Вслед за животными высыпали негры в одних белых набедренниках. Их шоколадные тела перекрещивались ремнями, на которых болтались колчан со стрелами и короткий кинжал в ножнах. Каждый негр в одной руке держал небольшой заковыристо изогнутый лук, а другой рукой с трудом удерживал пару рвущихся с поводков поджарых собак.

— Ага! — с видом знатока откомментировал Лёлик. — На всех играх сначала по расписанию звериная травля происходит. А охотнички эти зовутся бестиариями.

Под вспыхнувший рёв трибун собаки были спущены — широко разевая пасти, они кинулись за оленями, норовя вцепиться в них. Олени в панике разбежались по всей арене. Негры изготовили луки и устроили скорострельную пальбу по бегущим мишеням. Стрелы, мелькая чёрными штрихами, вонзались в животных, заставляя их спотыкаться и падать; наваливались собаки, с остервенением рвали ещё живое мясо, после чего кидались за недобитыми животными.

Растворились другие ворота, и оттуда выскочили вереницей кабаны-секачи. Первыми изменения в составе участников представления обнаружили собаки. Они оставили в покое недотравленных травоядных и стали облаивать новую дичь.

Акустика Цирка была на высоте, и звуки с арены различались хорошо и чётко, несмотря на царивший гам, производимый трибунами.

Кабаны поначалу сбились в кучу, но потом как-то синхронно кинулись на собак. Большинство друзей человека успело разбежаться, но парочке не повезло. Одну собаку втоптали в песок арены, другую так саданули кривыми клыками, что та улетела как тряпичная далеко в сторону и грянулась на песок с разорванным боком.

Лучники перегруппировались и, стараясь держаться от кабанов на безопасном расстоянии, принялись метать в них стрелы. Секачи являли поразительную живучесть и продолжали бегать, даже будучи щедро утыканные стрелами.

В это время из ворот, косолапя и переваливаясь, вывалились четыре бурых медведя. Они нервно подёргались, затем три из них поспешили к ближайшей оленьей туше, а один поначалу попытался закогтить суматошно пробегавшего мимо последнего уцелевшего оленя, но это ему не удалось. Тогда медведь принюхался и вдруг целеустремлённо и на удивление стремительно понёсся к одному из лучников. Тот с завидной сноровкой пустил в медведя стрелу, которая зверя не остановила, бросил лук, в два прыжка подскочил к разделительной стенке и сиганул через неё рыбкой. Медведь от такой хитрости опешил, затормозил, встал на задние лапы, завертел башкой. Тут же вокруг него устроили бесноватый хоровод подскочившие собаки. Медведь быстро опустился на все четыре лапы, завертелся волчком, пытаясь отразить нападение.

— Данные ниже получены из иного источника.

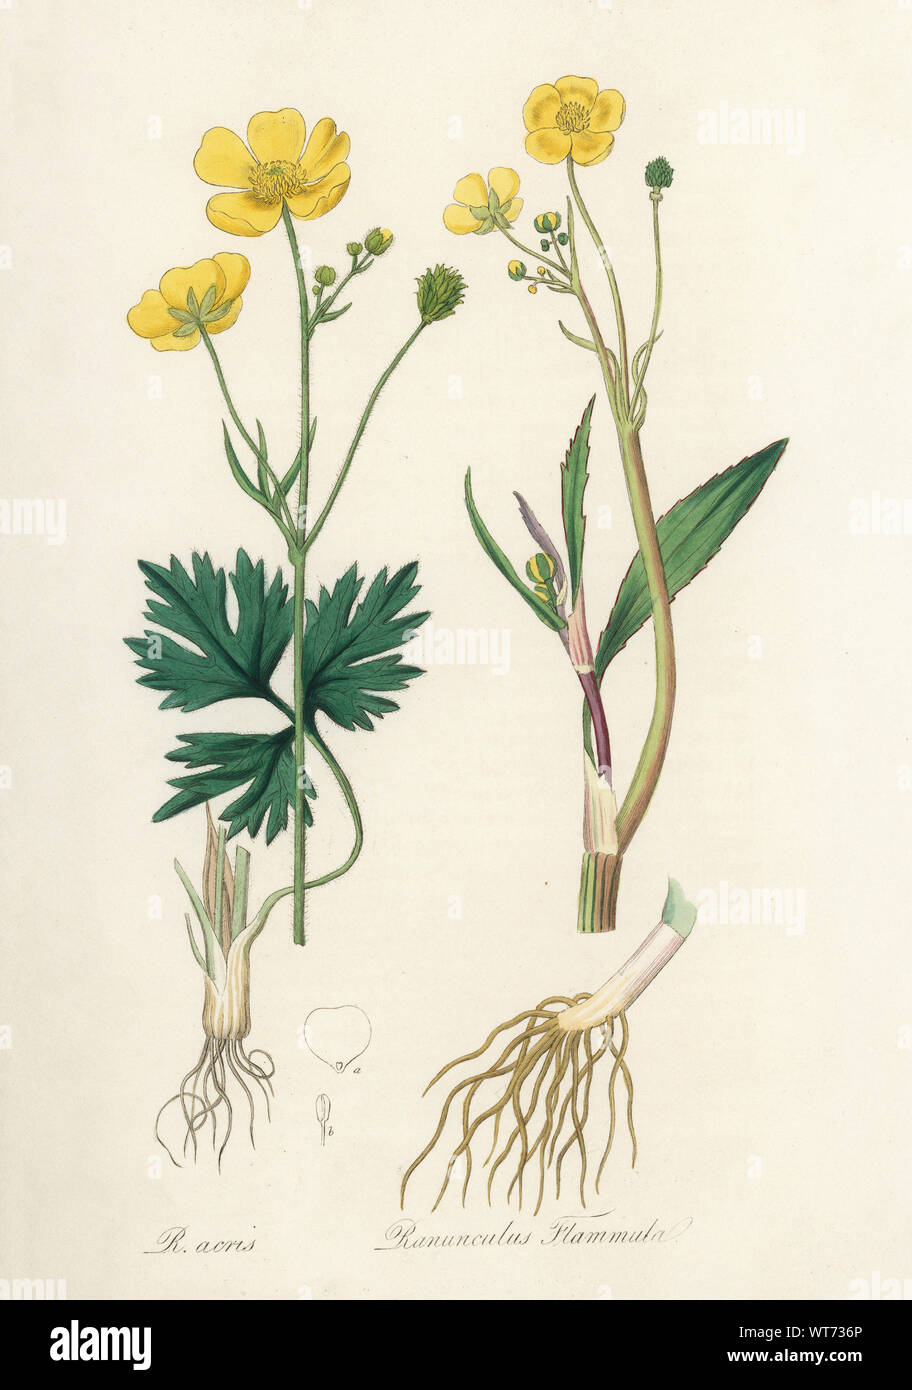 Ranunculus Flammula - Watercolor Print 19th Century Stock Photo

Выскочили на арену новые бестиарии — мужики, вооружённые длинными копьями. Первым делом они направились к агрессивному медведю, окружили его со всех сторон, стали издали махать руками, подзадоривая. Медведь совсем рассвирепел, заревел грозно на весь Цирк, снова вздёрнулся на задние лапы, и махая передними, закосолапил к самому вертлявому копьеносцу. Тот с ловким коварством подставил копьё, воткнув его оконечностью древка в песок и подперев ногой. Медведь со всей дури напоролся на выставленное остриё; копьё глубоко вошло ему в брюхо. Зверь повалился на бок, начал кататься, цепляясь лапами за древко. Подбежали прочие копьеносцы и в несколько ударов оборвали его мучения.

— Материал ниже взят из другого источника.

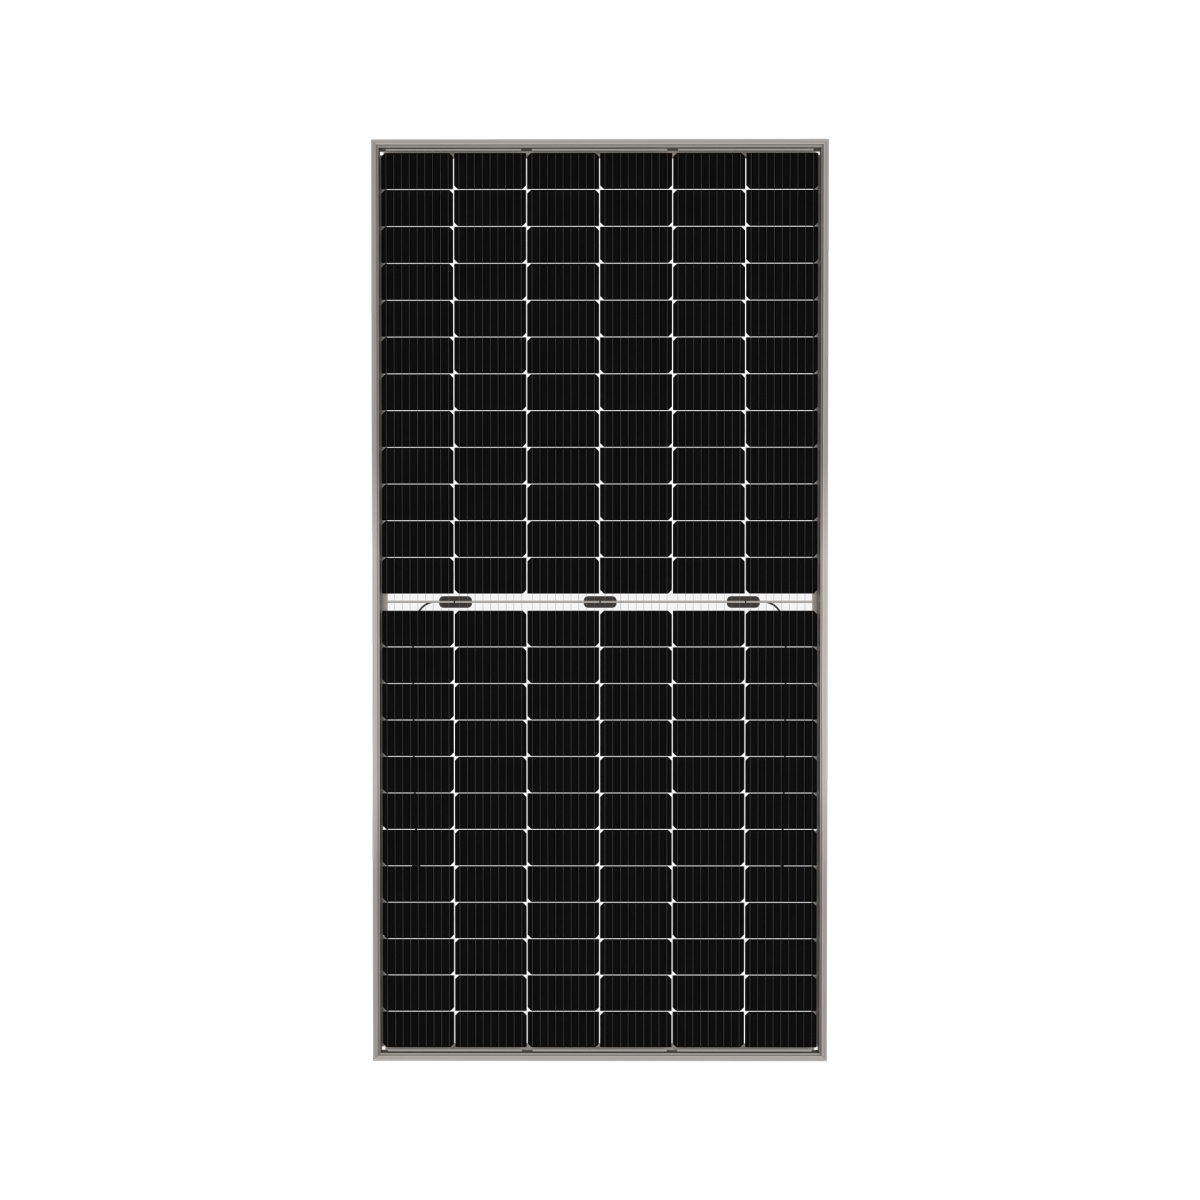 TommaTech 445 Watt 144 Percmono Bifacial Half-Cut Multi Busbar Solar Panel

Затем они подступили к пировавшим медведям, принялись тыкать в них копьями, раззадоривая. Сюда же подскочили и собаки, стали истошно лаять и хватать медведей сзади. Те начали суматошно метаться, норовя дать отпор.

Зрителям успела наскучить вся эта кутерьма; послышались крики с требованиями быстрее заканчивать. Бестиарии послушались и завалили медведей как сноровистые мясники, показав полное преимущество отточенного железа перед когтями и клыками.

Лучники к тому времени расправились со всеми кабанами, кроме одного, да и тот уже еле двигался. Один из копьеносцев походя ткнул его копьём в бок, отчего кабан повалился замертво, словно только этого и ждал. Зрители зааплодировали одобрительно, но без огонька.

На том данный раунд избиения делегатов животного мира закончился. Бестиарии раскланялись, разобрали собак на поводки и удалились.

Появились коренастые типы в чёрных одеждах. Одни из них стали утаскивать с арены убиенных зверей, коллективно цепляя туши длинными палками с железными крюками, другие засыпали кровавые пятна свежим песком, тут же его разравнивая.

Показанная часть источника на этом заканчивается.